Source material >>

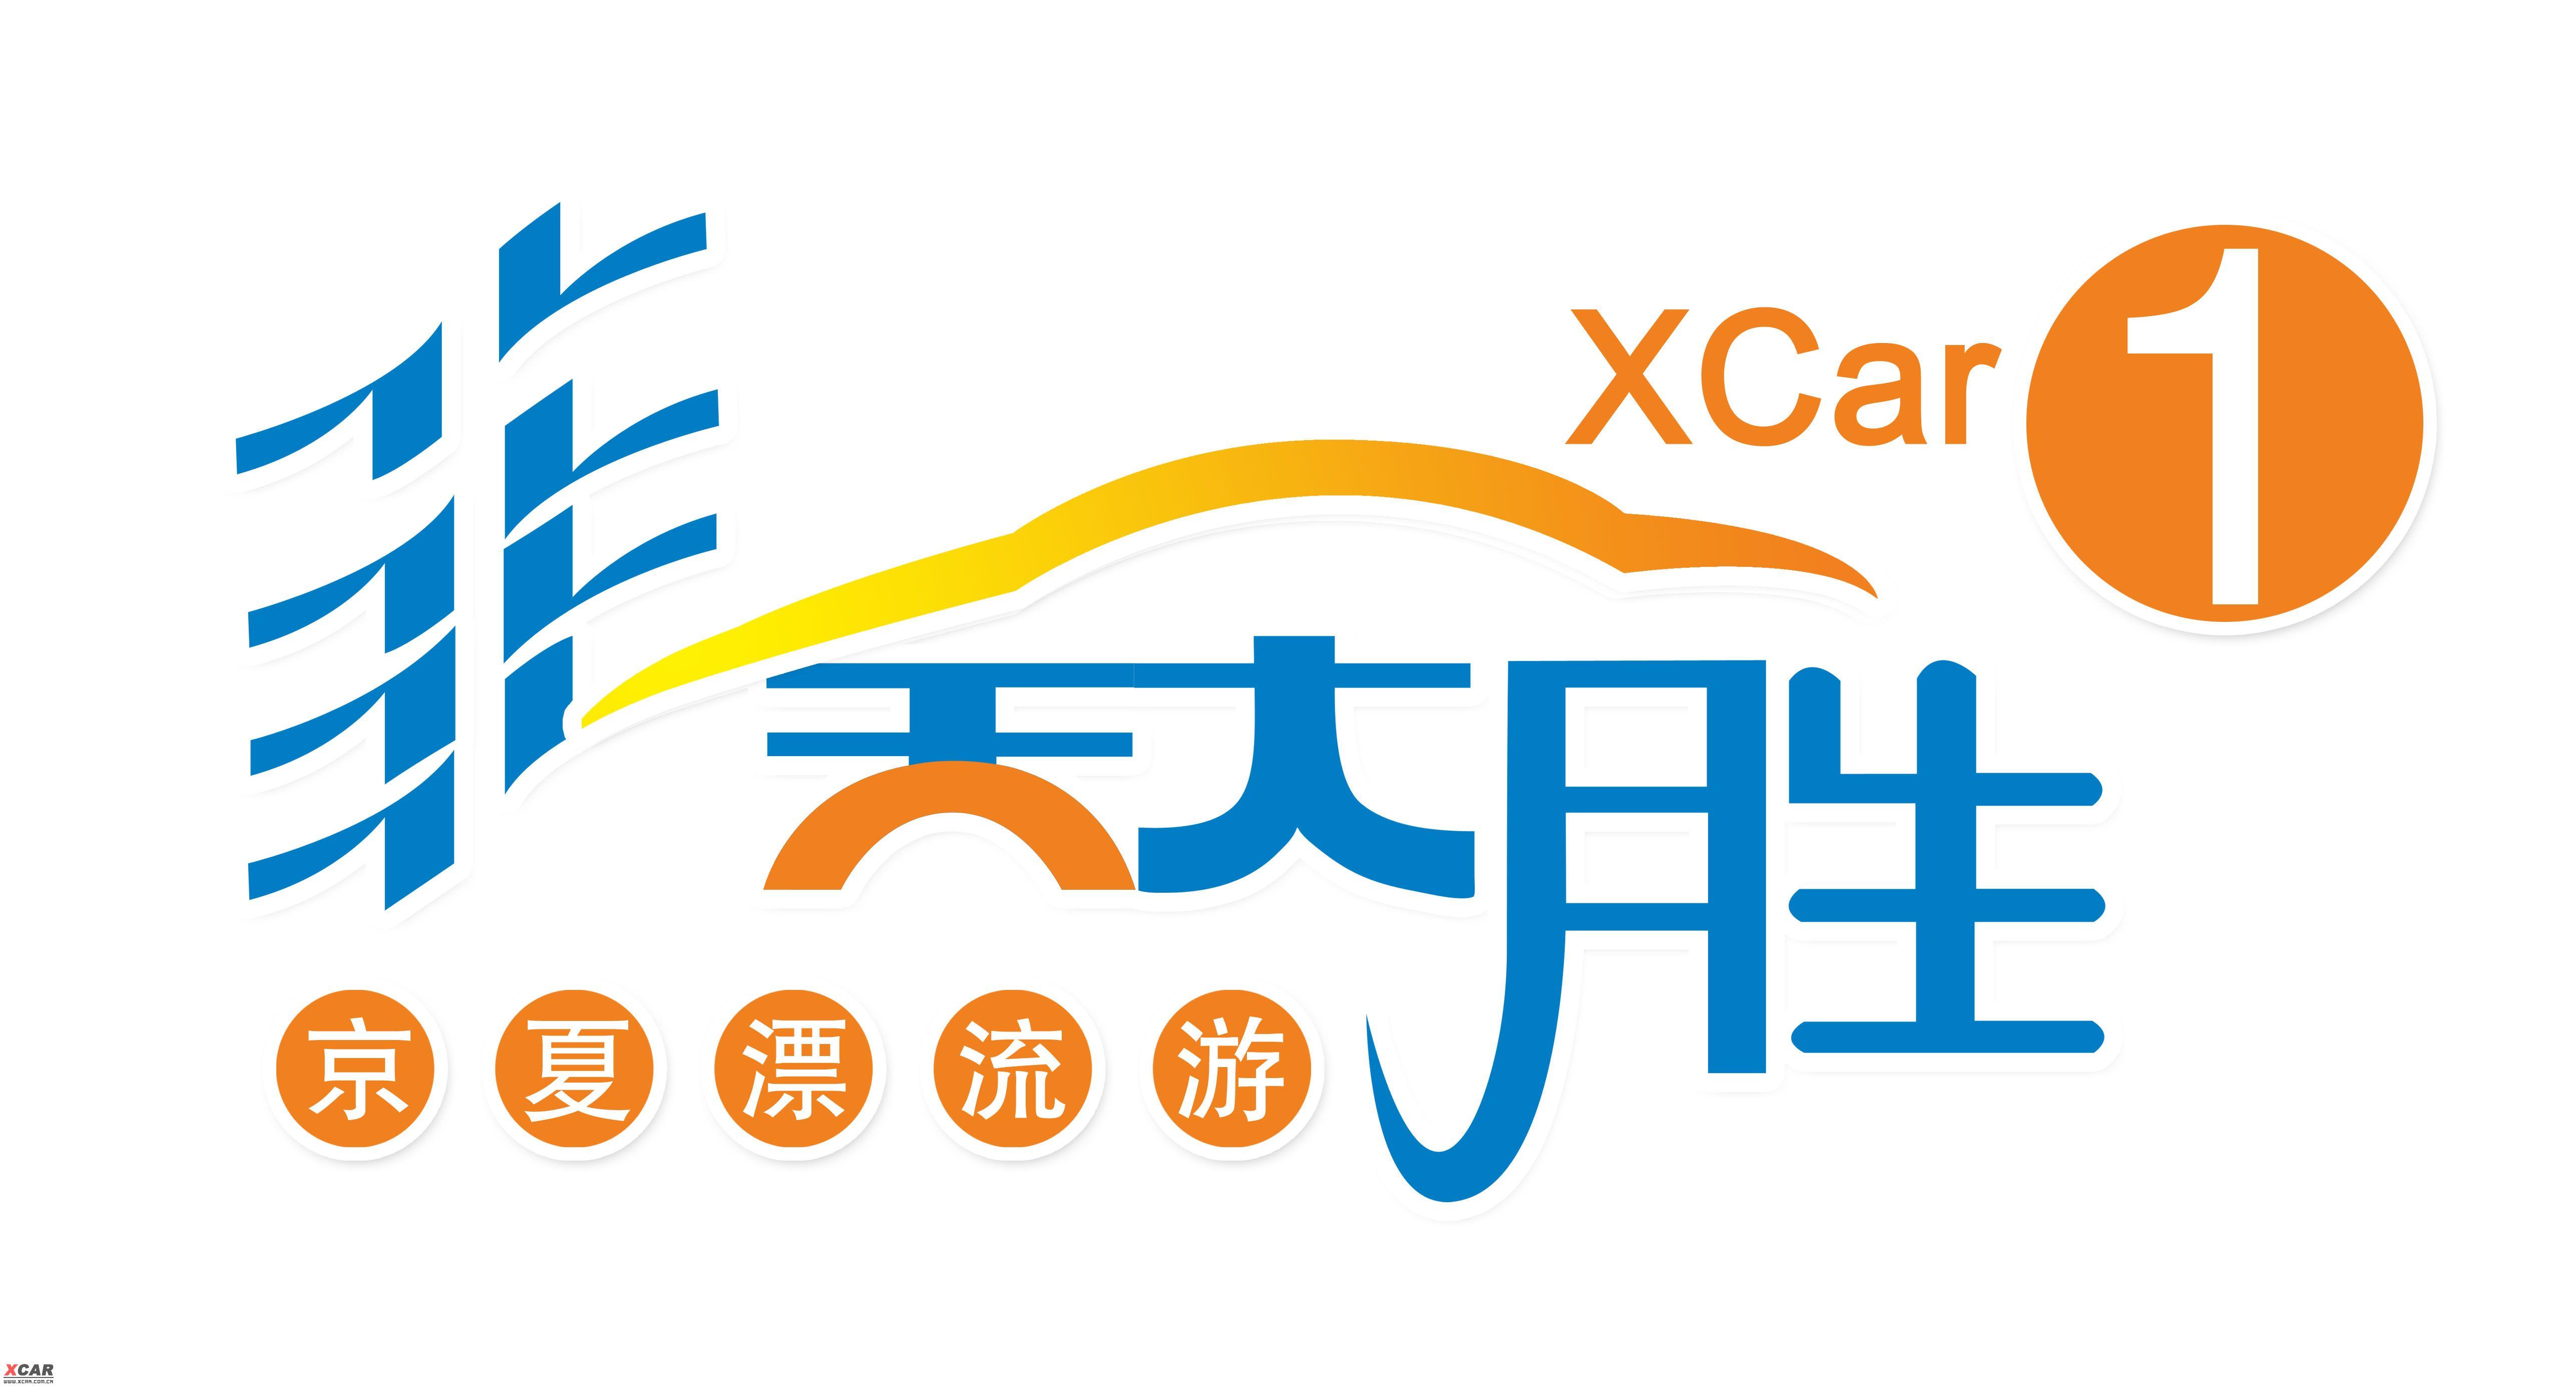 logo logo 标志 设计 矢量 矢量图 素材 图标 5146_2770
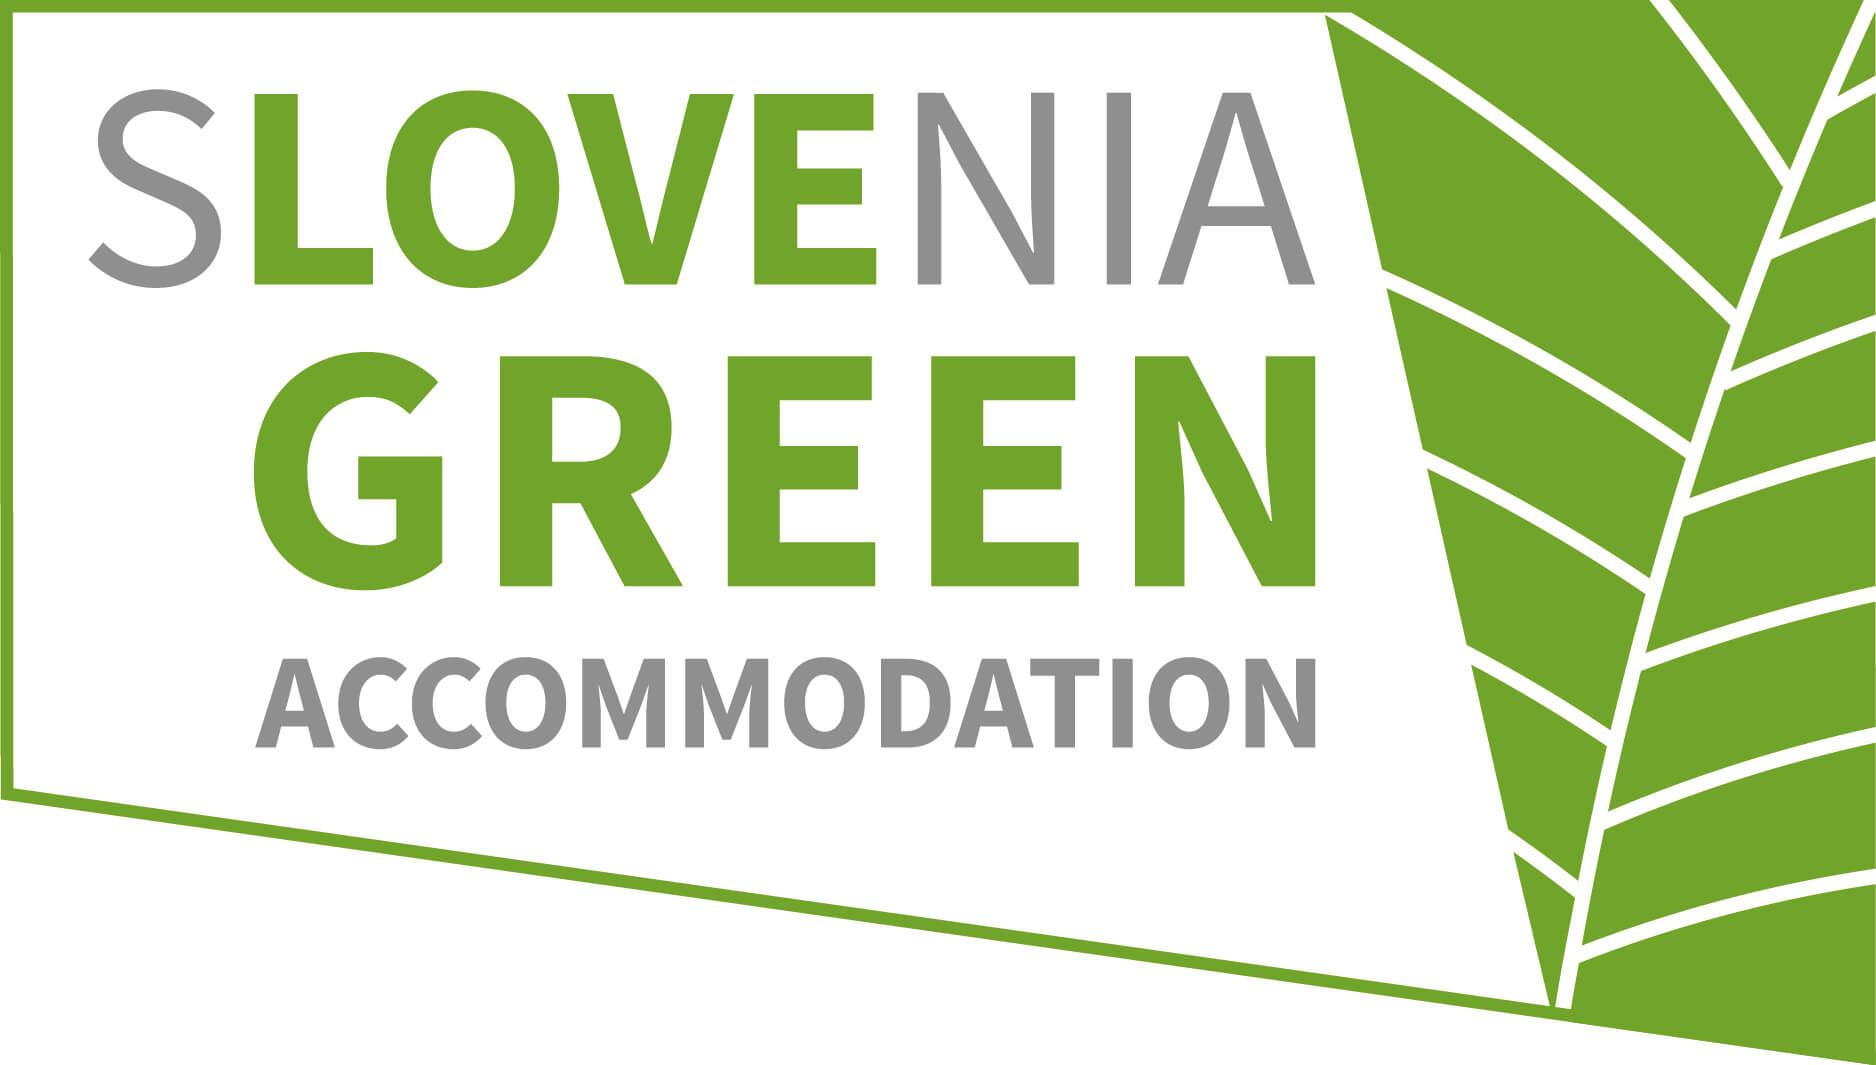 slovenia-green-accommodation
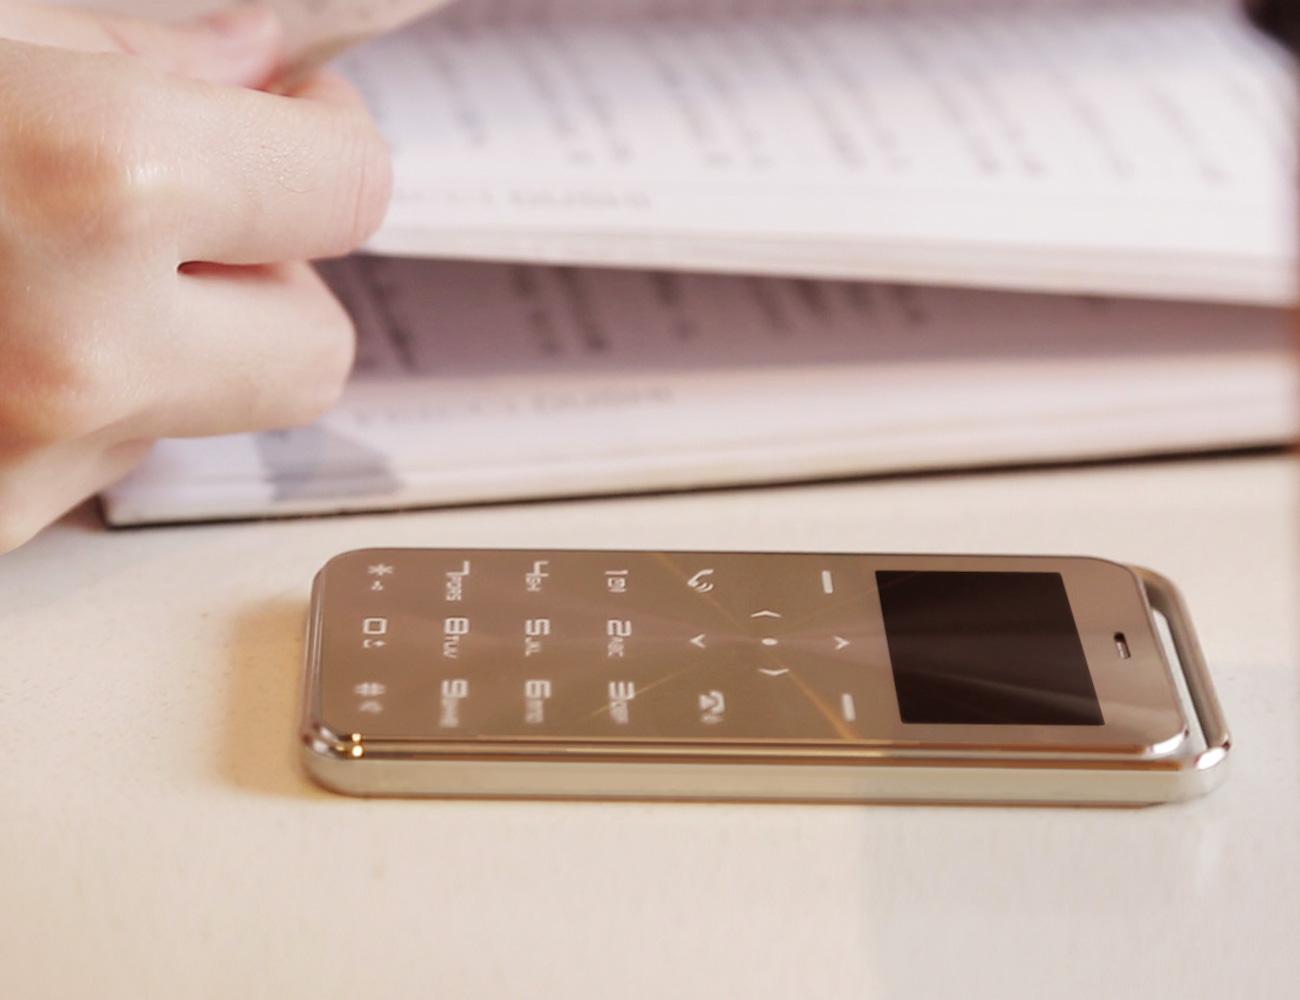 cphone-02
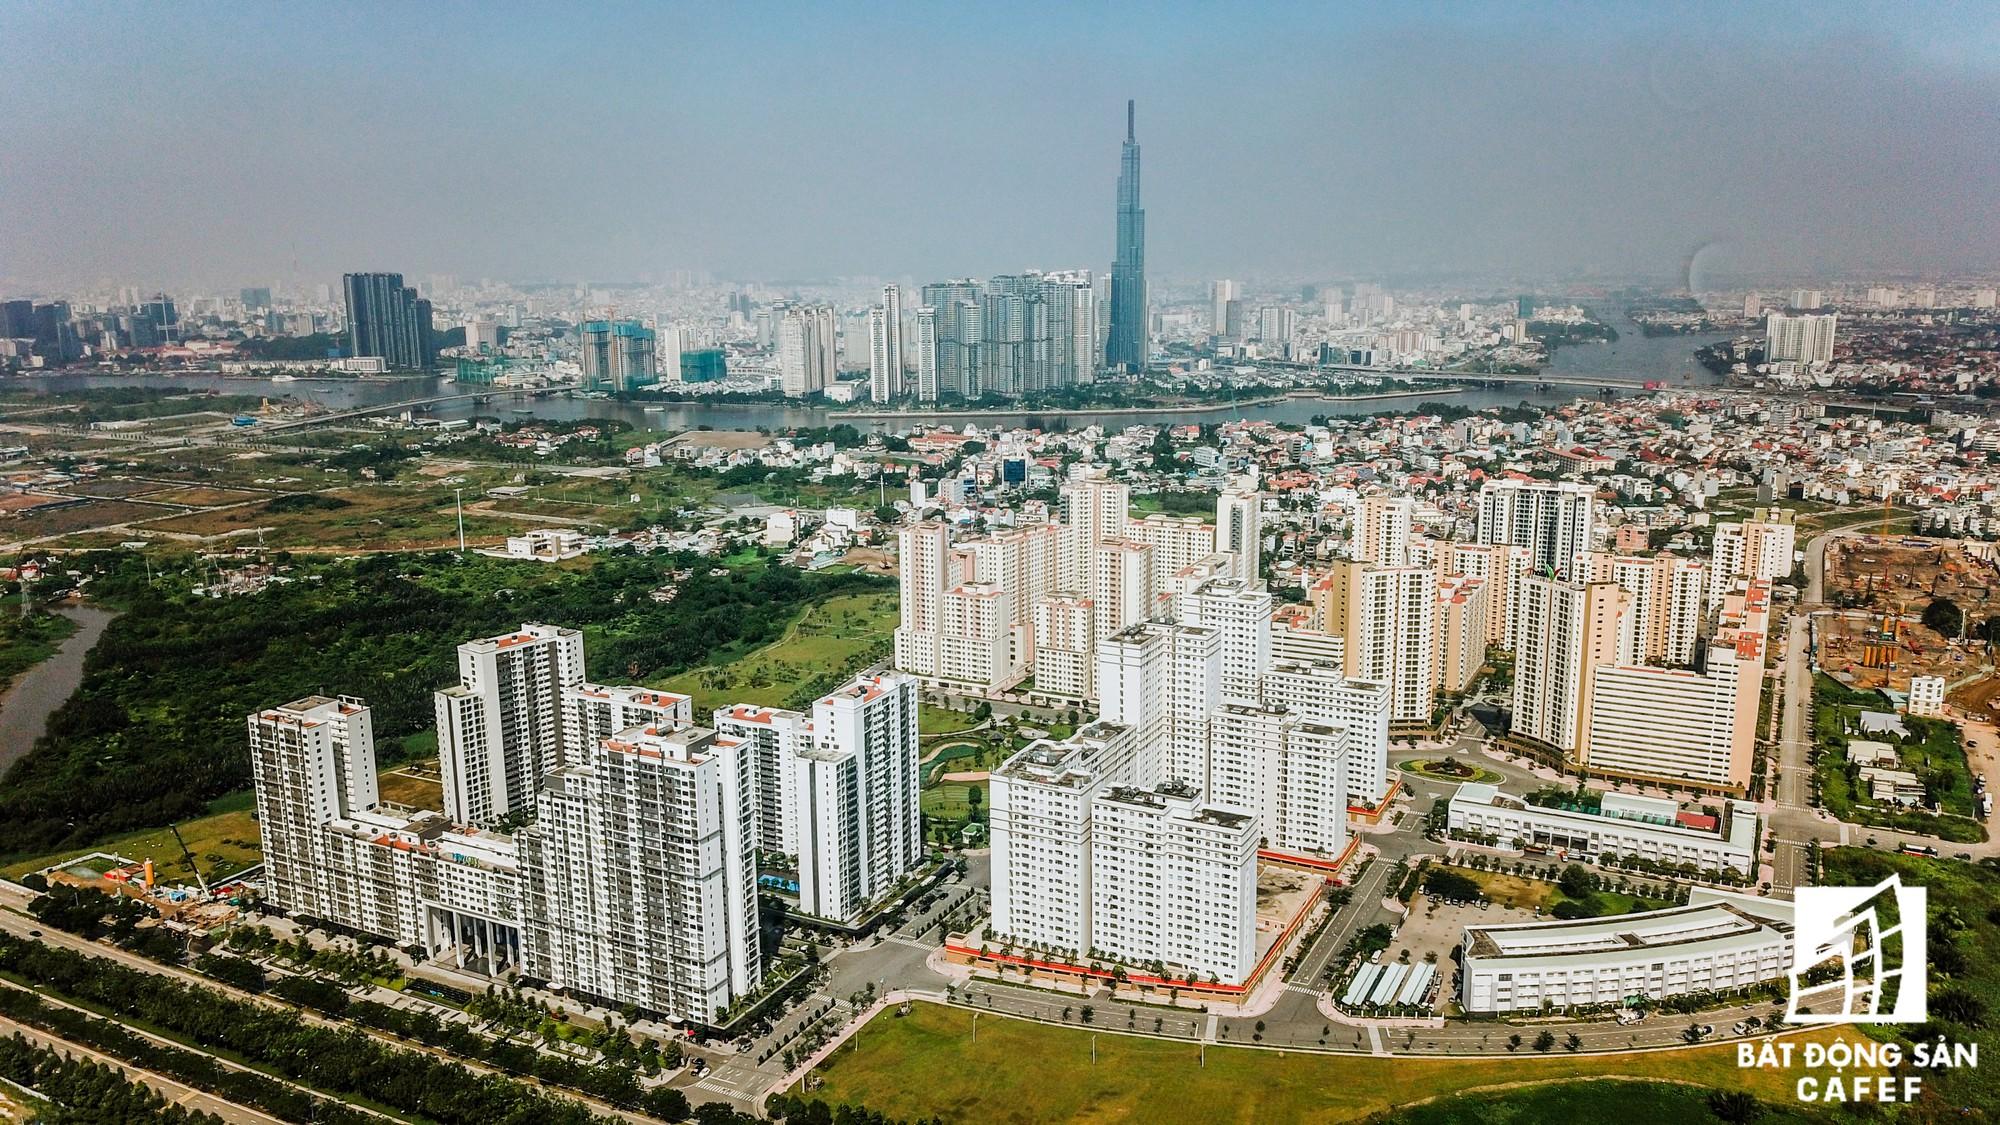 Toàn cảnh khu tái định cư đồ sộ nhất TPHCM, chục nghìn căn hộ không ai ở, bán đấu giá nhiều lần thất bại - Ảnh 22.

Task goal >> Copy out the lines exactly as written, beginning with the one that contains "slovenia-green-accommodation" and ending with the last line of the material; do not include pictures.

Solution to the problem >>
 slovenia-green-accommodation
 cphone-02
 Toàn cảnh khu tái định cư đồ sộ nhất TPHCM, chục nghìn căn hộ không ai ở, bán đấu giá nhiều lần thất bại - Ảnh 22.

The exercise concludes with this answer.